• _Activity_: From top to bottom, retype the data exactly, passing over any picture.

• _Data provided_:
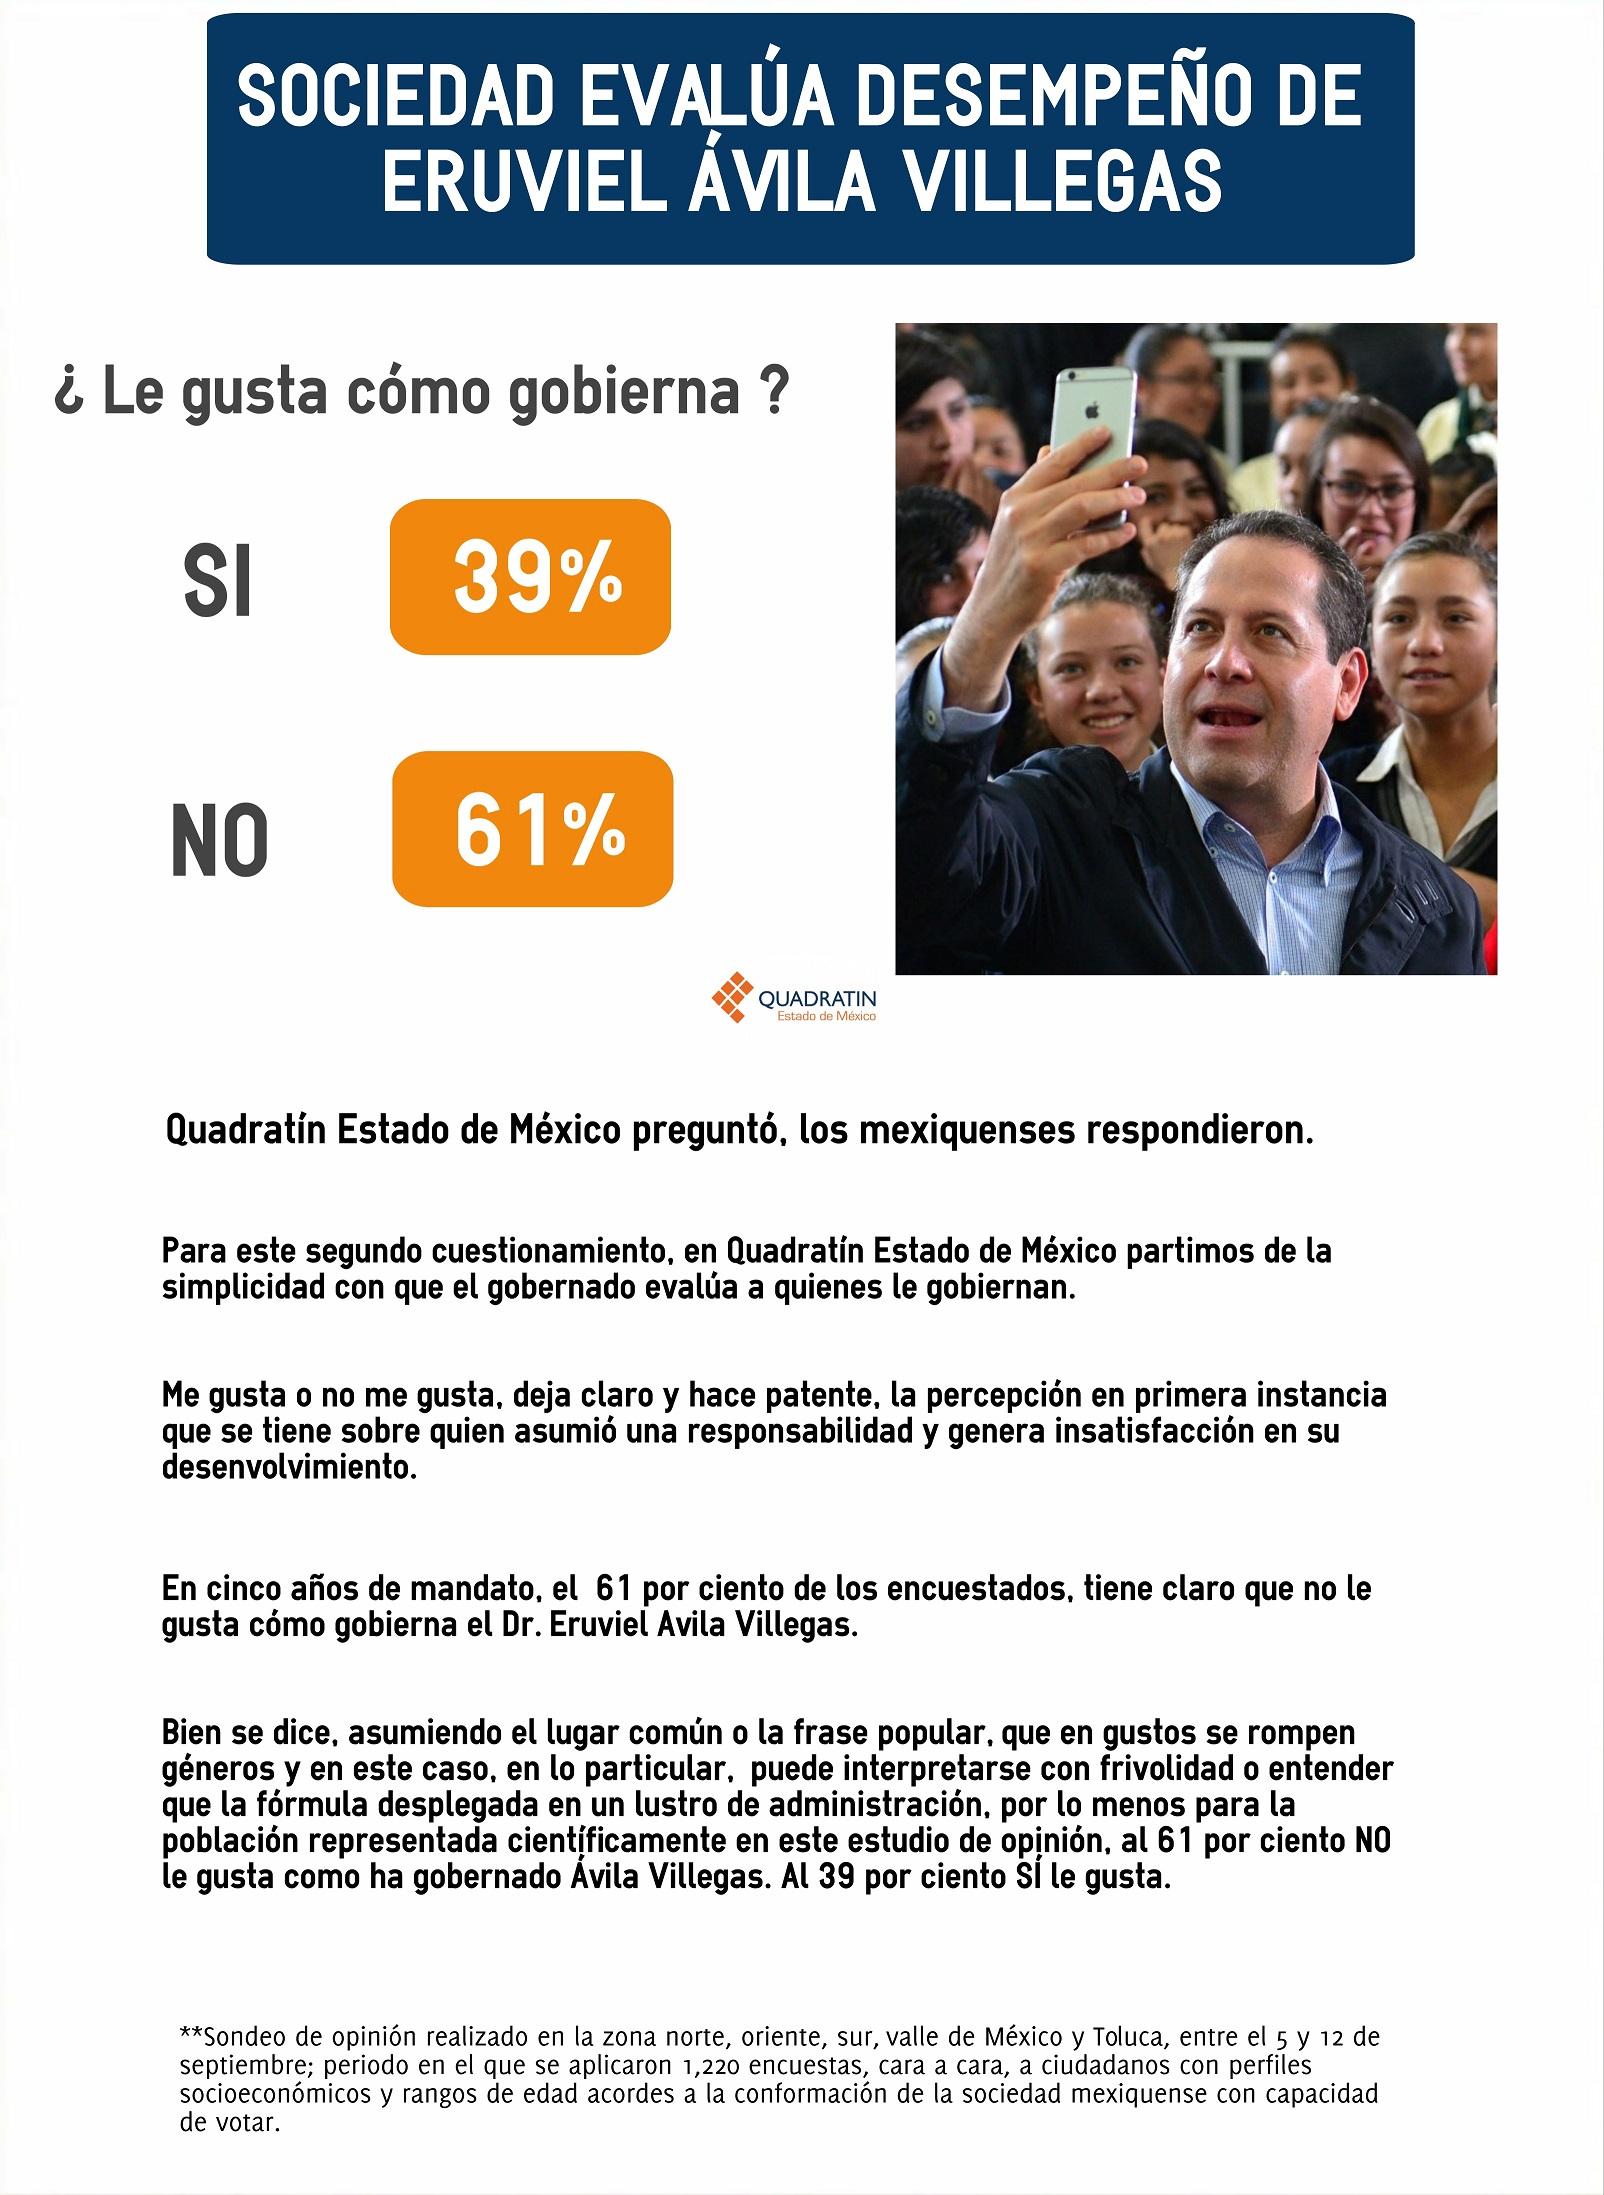 Ciudadanos evalúan a Eruviel Ávila
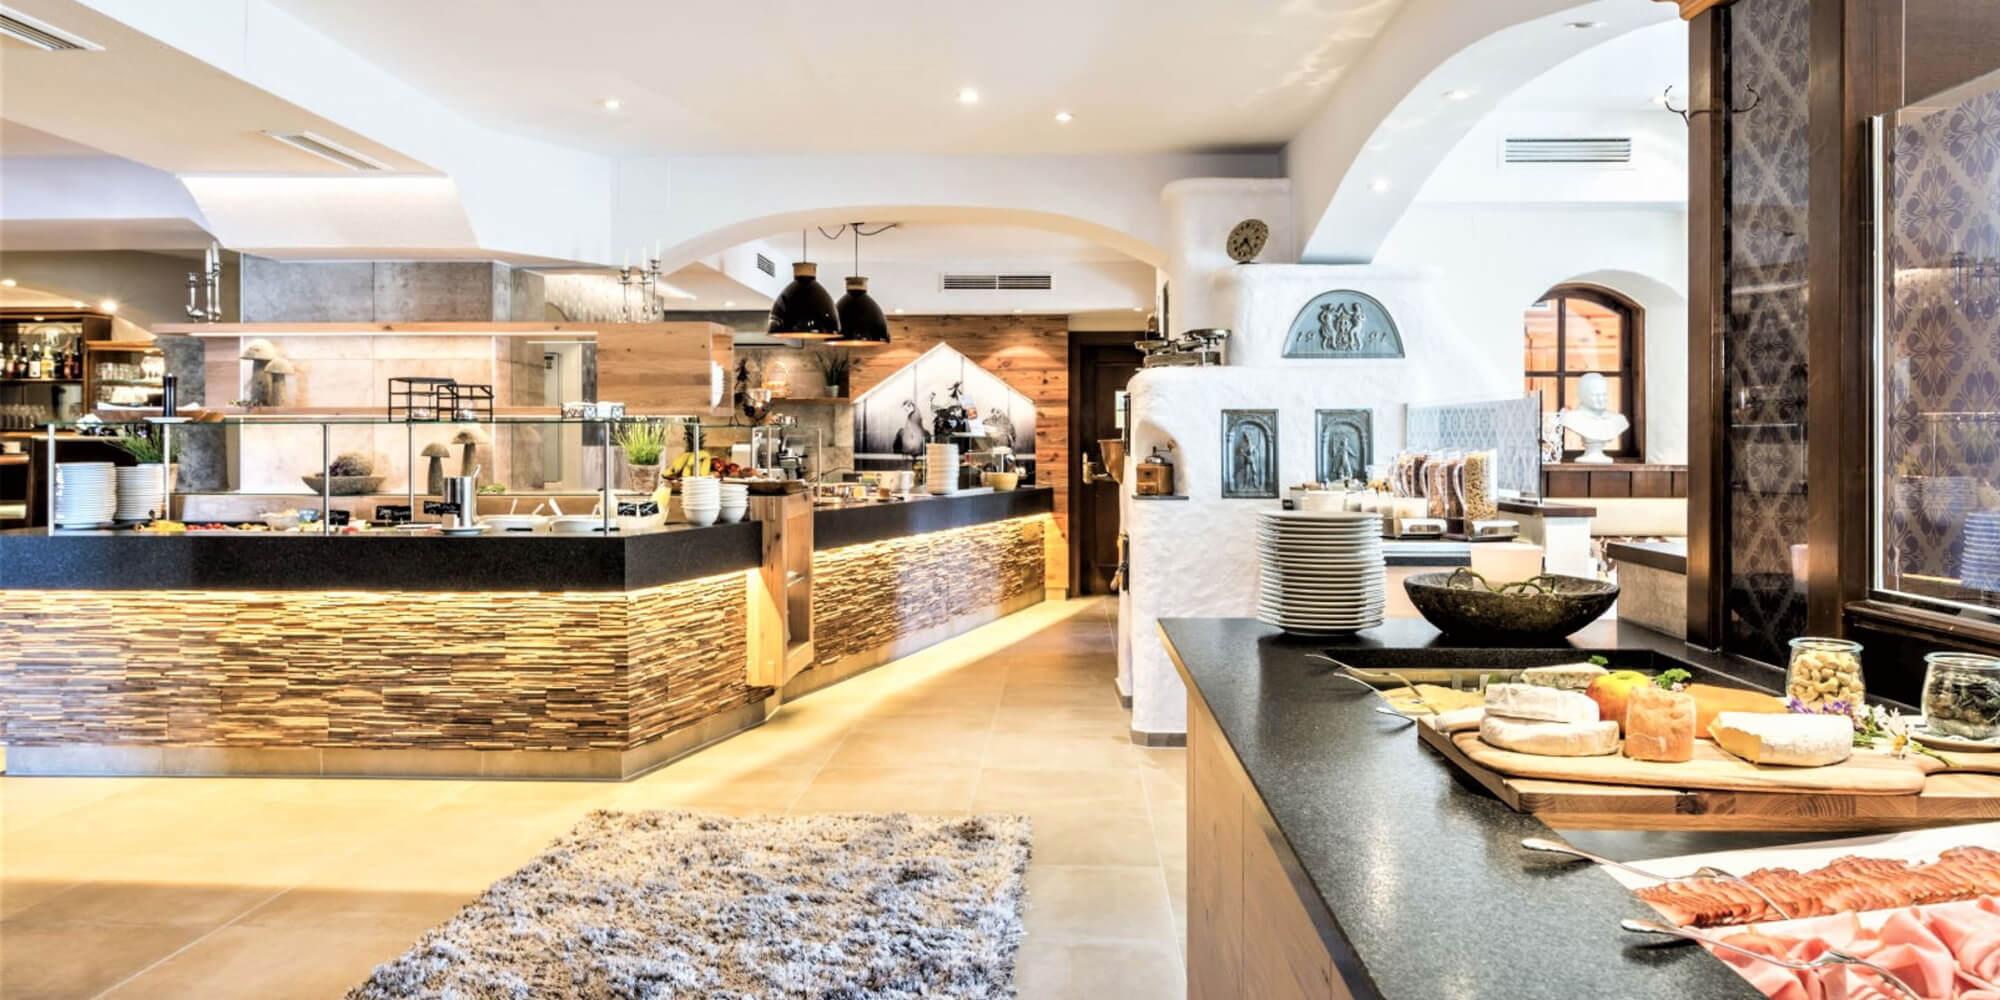 Crea-Plan-Design-Rauch-Frühmann-Architektur-Innenarchitektur-Design-Projekt-Referenz-Hotelerie-Gastronomie-Hotel-Guglwald-Buffet-A
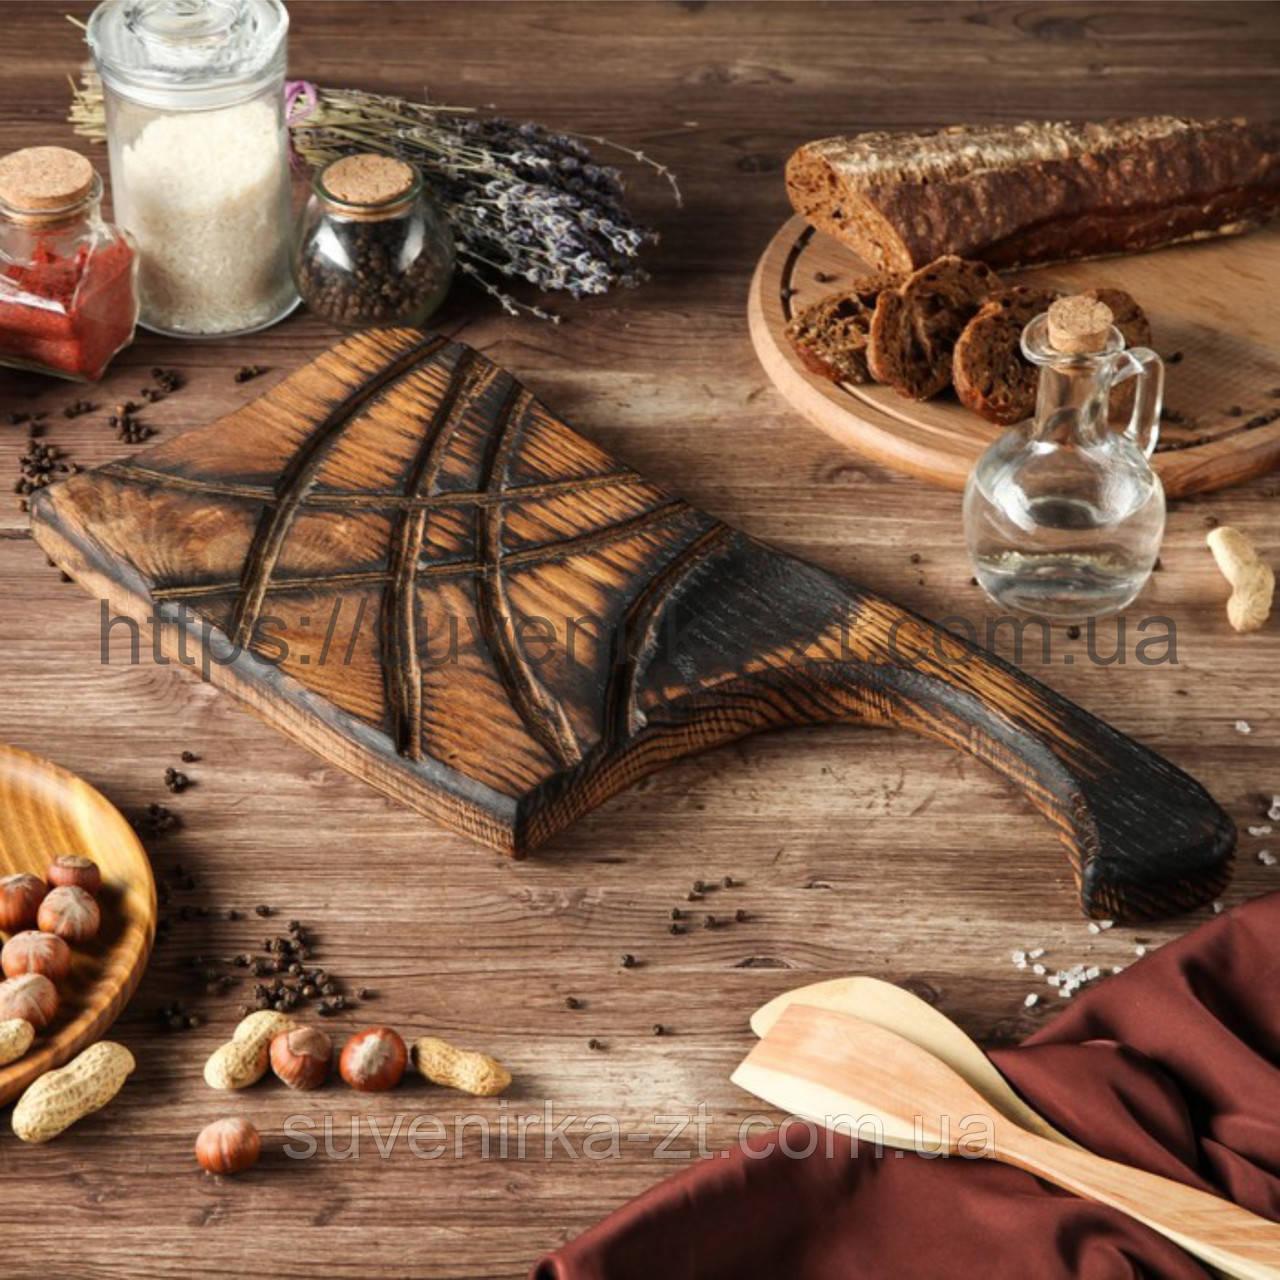 Деревянные доски для подачи. Фигурная. (A01005)

• _Exercise result_:
 Ciudadanos evalúan a Eruviel Ávila
 Crea-Plan-Design-Rauch-Frühmann-Architektur-Innenarchitektur-Design-Projekt-Referenz-Hotelerie-Gastronomie-Hotel-Guglwald-Buffet-A
 Деревянные доски для подачи. Фигурная. (A01005)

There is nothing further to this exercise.